Assignment »
Starting from the line in which "SYNTEK small waterproof" appears, set down each line exactly through the end of the listing, and nothing else. Leave out pictures.

Data block »
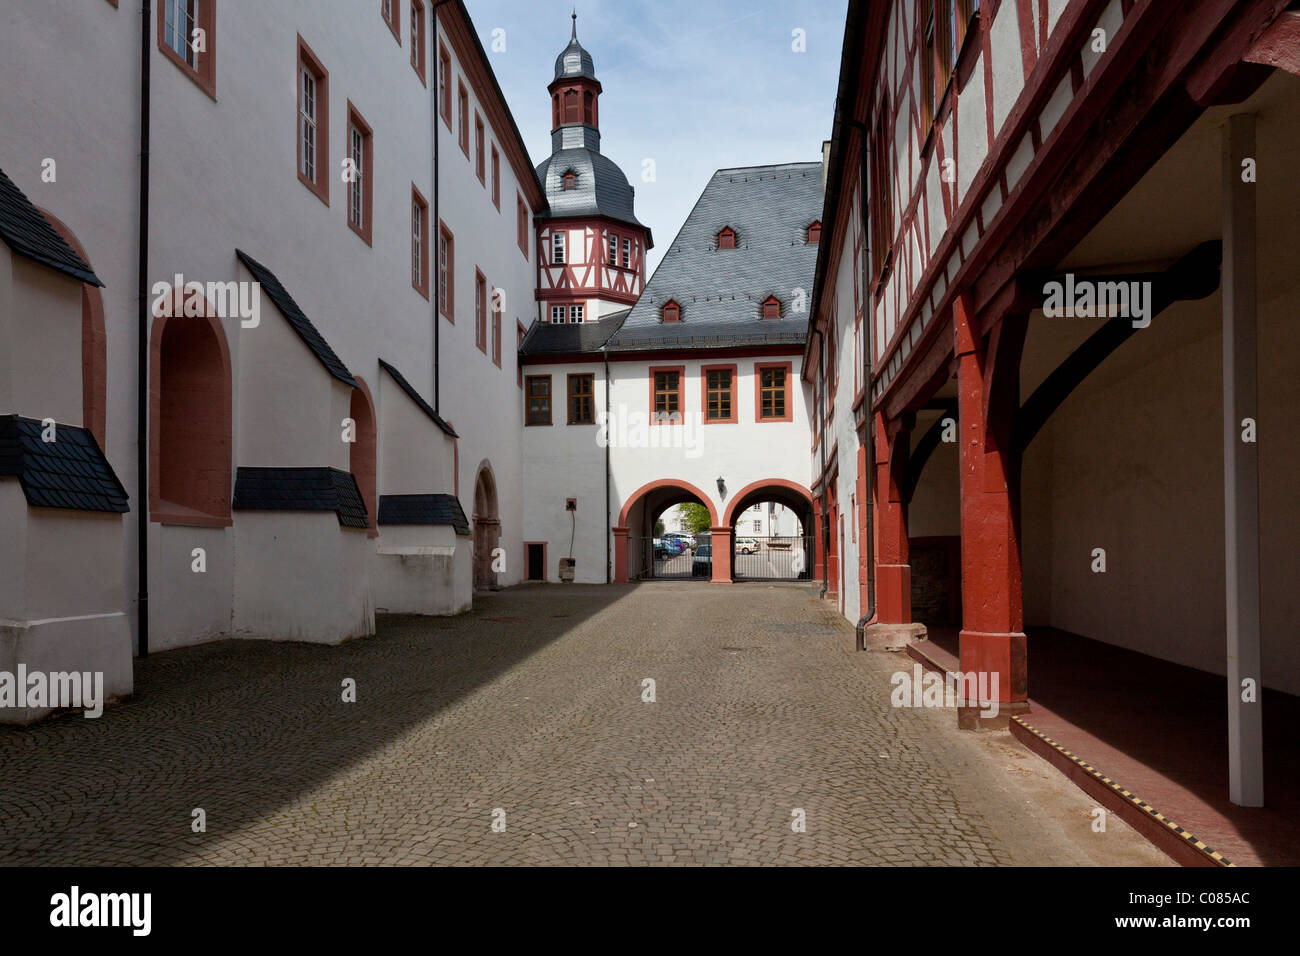 Kloster Eberbach Abbaye, Eltville am Rhein, Rheingau, Hesse, Germany, Europe Banque D'Images
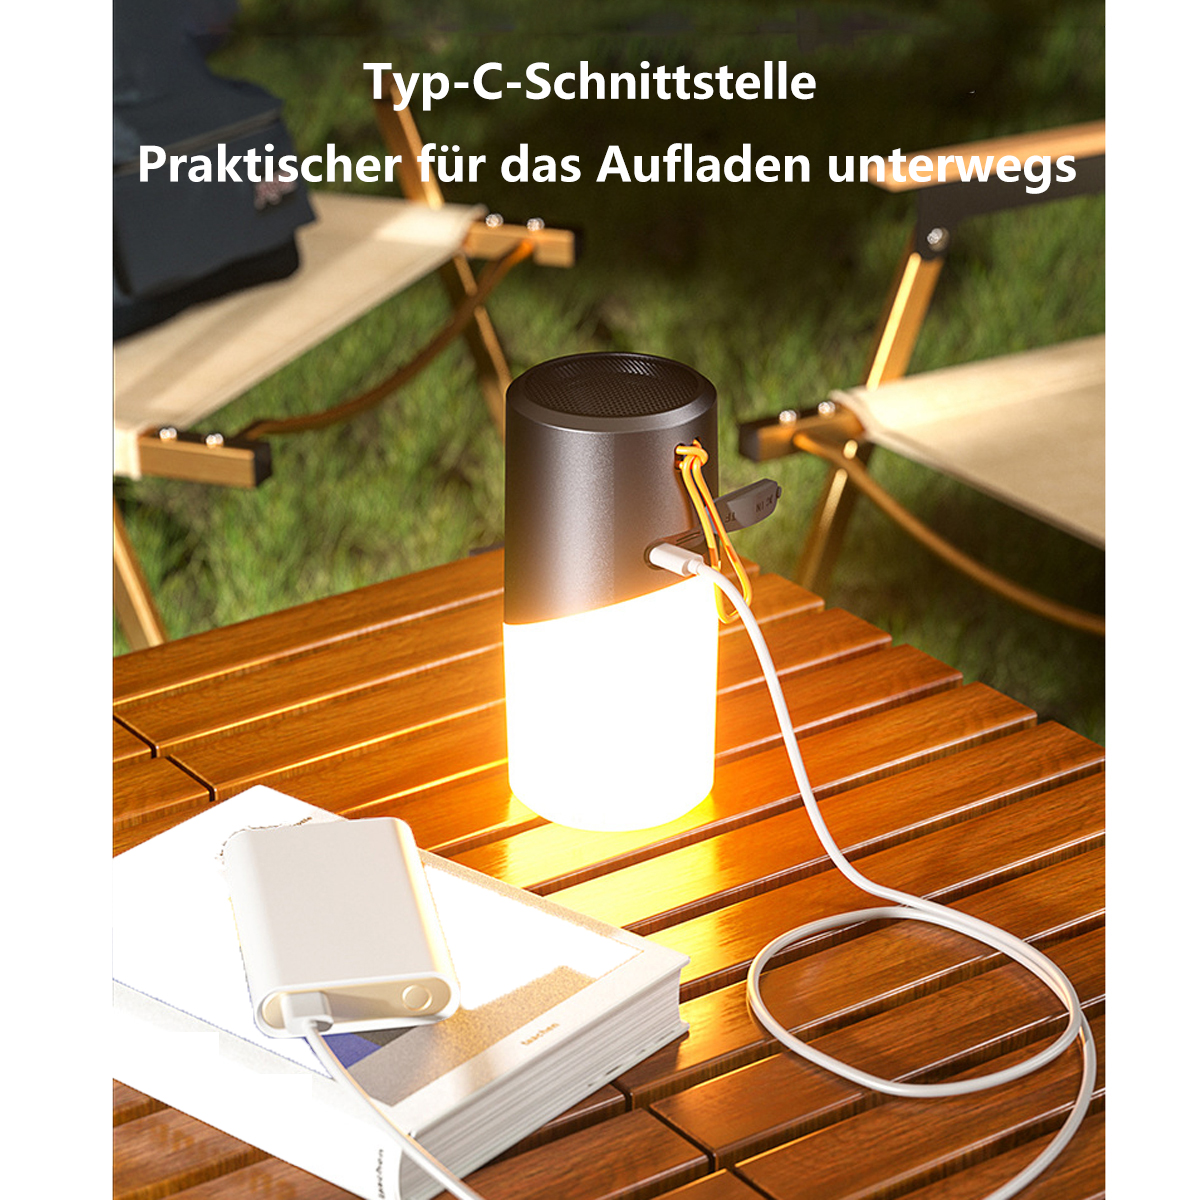 SYNTEK small waterproof Wasserfest Bluetooth-Lautsprecher, Lautsprecher bluetooth speaker light outdoor ambient Weiß, Wireless light audio portable
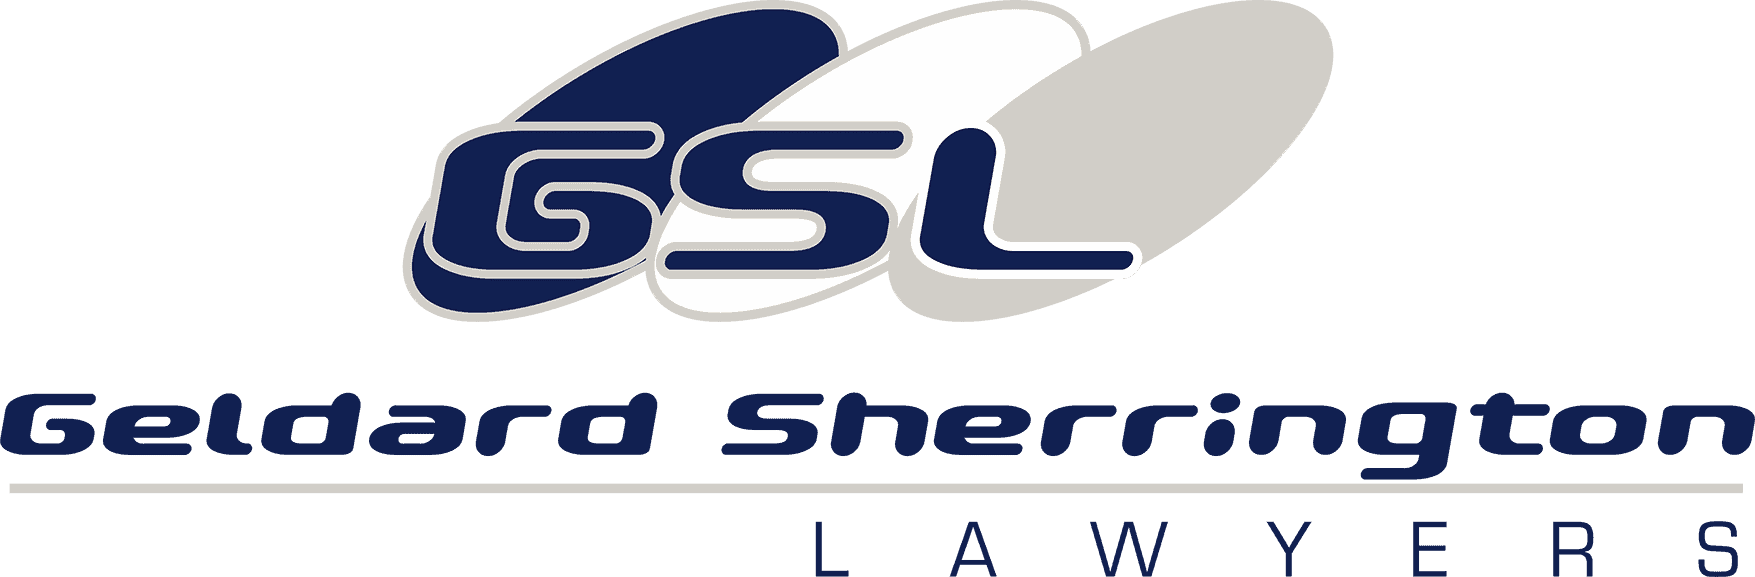 GSL logo resized

Task result »
 SYNTEK small waterproof Wasserfest Bluetooth-Lautsprecher, Lautsprecher bluetooth speaker light outdoor ambient Weiß, Wireless light audio portable
 GSL logo resized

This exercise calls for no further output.